Kane County Reporter

Last month Rep. Jeff Keicher (R-Sycamore) filed a pair of bills regarding biometric information collection, which were assigned to the House Judiciary-Civil Committee.

House Bill 3199 was assigned to the committee on Feb. 28 and allows for electronic consent to be considered written and sets rules for what people affected by a violation can act on. The affected person needs to provide written notice within 15 days and point out what part of the act was violated. The bill also notes that if the private entity takes action to cure the violation, no action for damages against the private entity can occur. House Bill 2335 lays out when a collecting entity needs to notify people of biometric information collection.

“If the biometric identifier or biometric information is collected or captured for the same repeated process, the private entity is only required to inform the subject or receive consent during initial collection,” House Bill 2335 reads.

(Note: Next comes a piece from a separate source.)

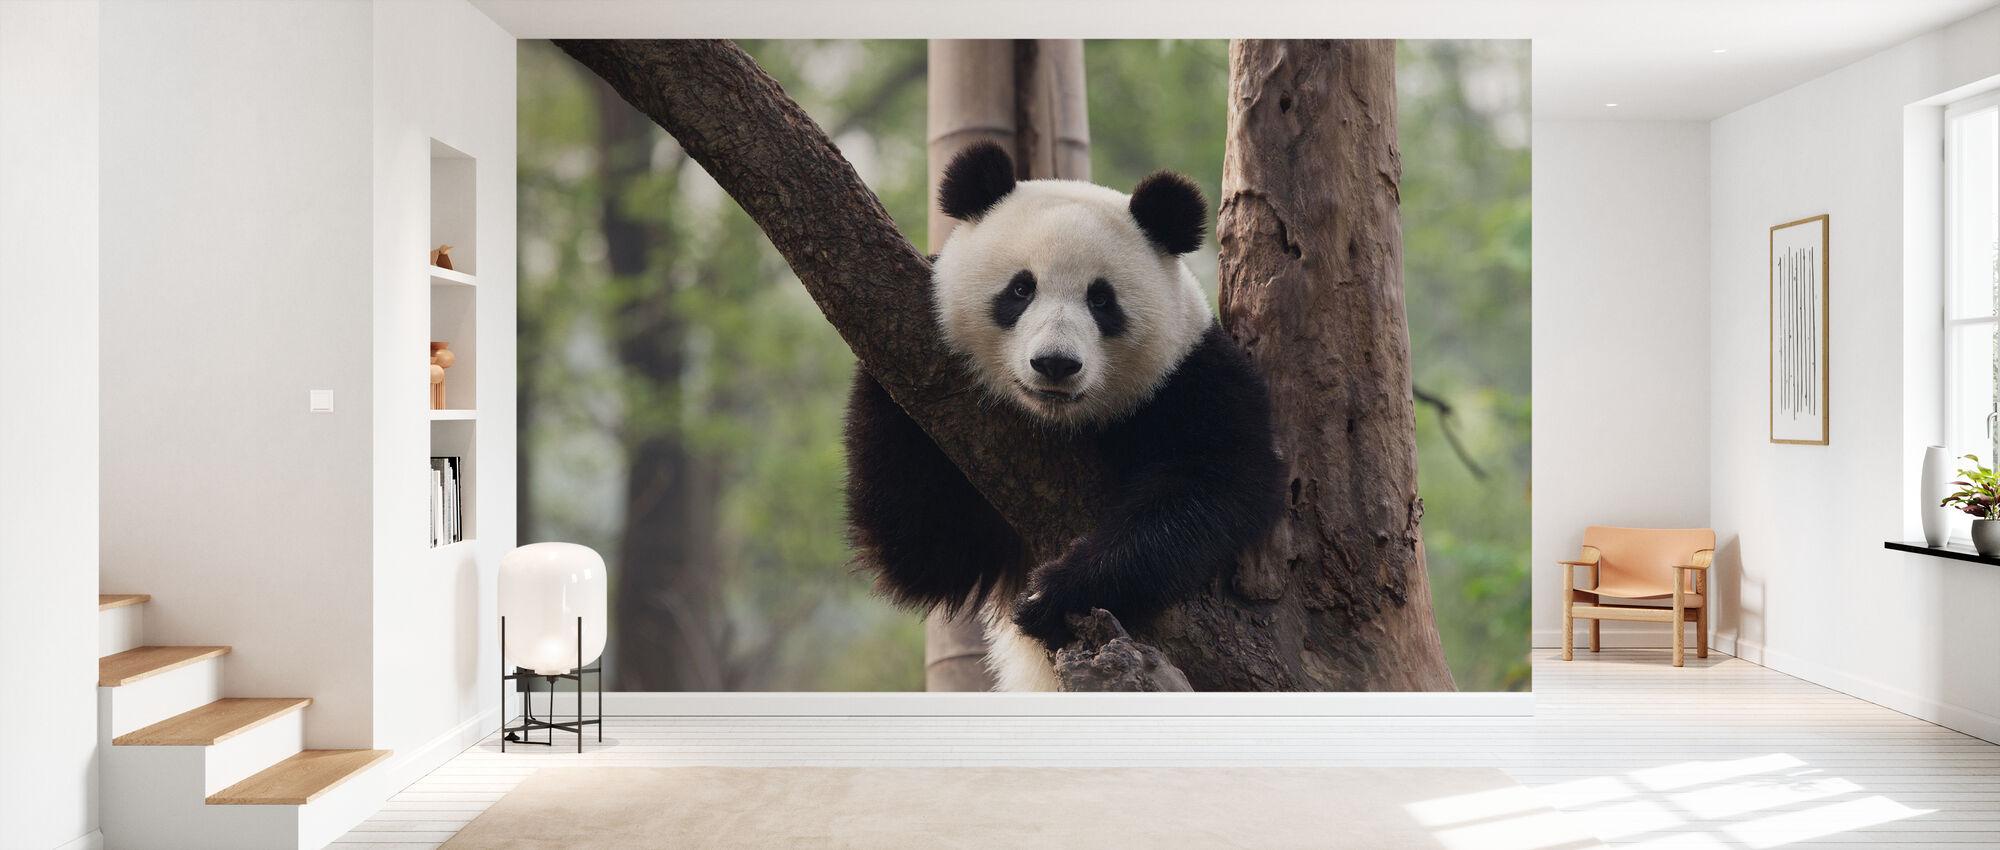 Sweet Panda - Wallpaper - Hallway

On Feb. 22 Keicher released a statement on his website about how he was concerned that Biometric Information Privacy Act (BIPA) rulings could damage the Illinois job climate. He also announced that he was filing legislation to address these “unintended consequences.”

“It’s no secret Illinois is already one of the most difficult places in the country to start and grow a business,” Keicher said. “The recent decisions by the Illinois Supreme Court concerning our biometric privacy law highlight just how bad the climate is for job creators and why we need to take action quickly to address the unintended consequences.”

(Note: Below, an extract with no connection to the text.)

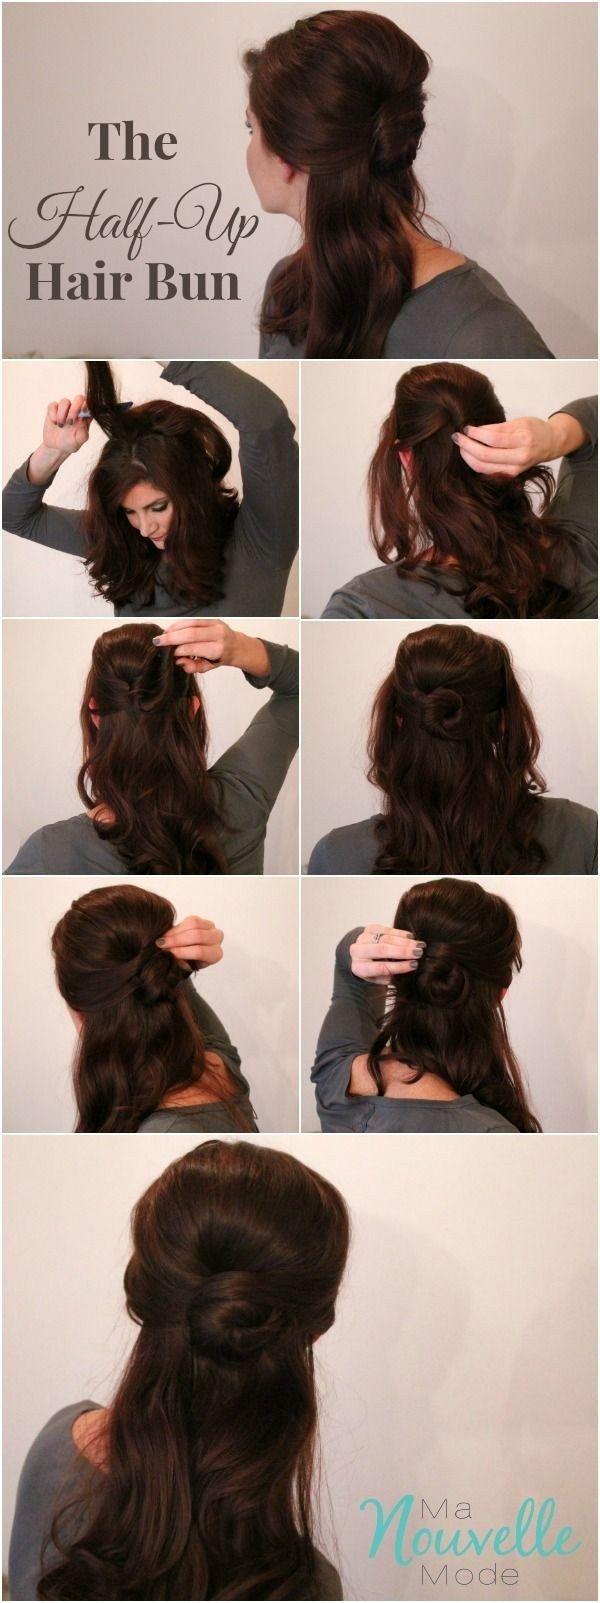 Belle's elegant half-up bun | 7 Easy Hair Tutorials Even Disney Princesses Would Envy

He said that in 2008 the state enacted BIPA and the purpose was to protect employees and biometric information including fingerprints and facial recognition, as well as other aspects, from being tracked without consent. He said two rulings by the Illinois Supreme Court showed that there are flaws in the law, opening job creators to “immense financial damages well beyond the intended scope of the law.”

Keicher referred to Cothron vs. White Castle where the court ruled that whenever biometric data is collected without a written release there is a violation, rather than only in the first instance data is collected. White Castle uses a fingerprint time-clock system, which employers commonly use. White Castle faced up to $17 billion in fines, which far exceed the purpose of BIPA. 

Another ruling referred to was Tims vs. Blackhorse Carriers, Inc. in which the court ruled because of ambiguity in BIPA, the five-year statute of limitations applies for filing a lawsuit instead of the one-year allowed through the Illinois Code of Civil Procedure.

Both rulings say that a plaintiff doesn’t need to demonstrate harm was suffered to seek damages.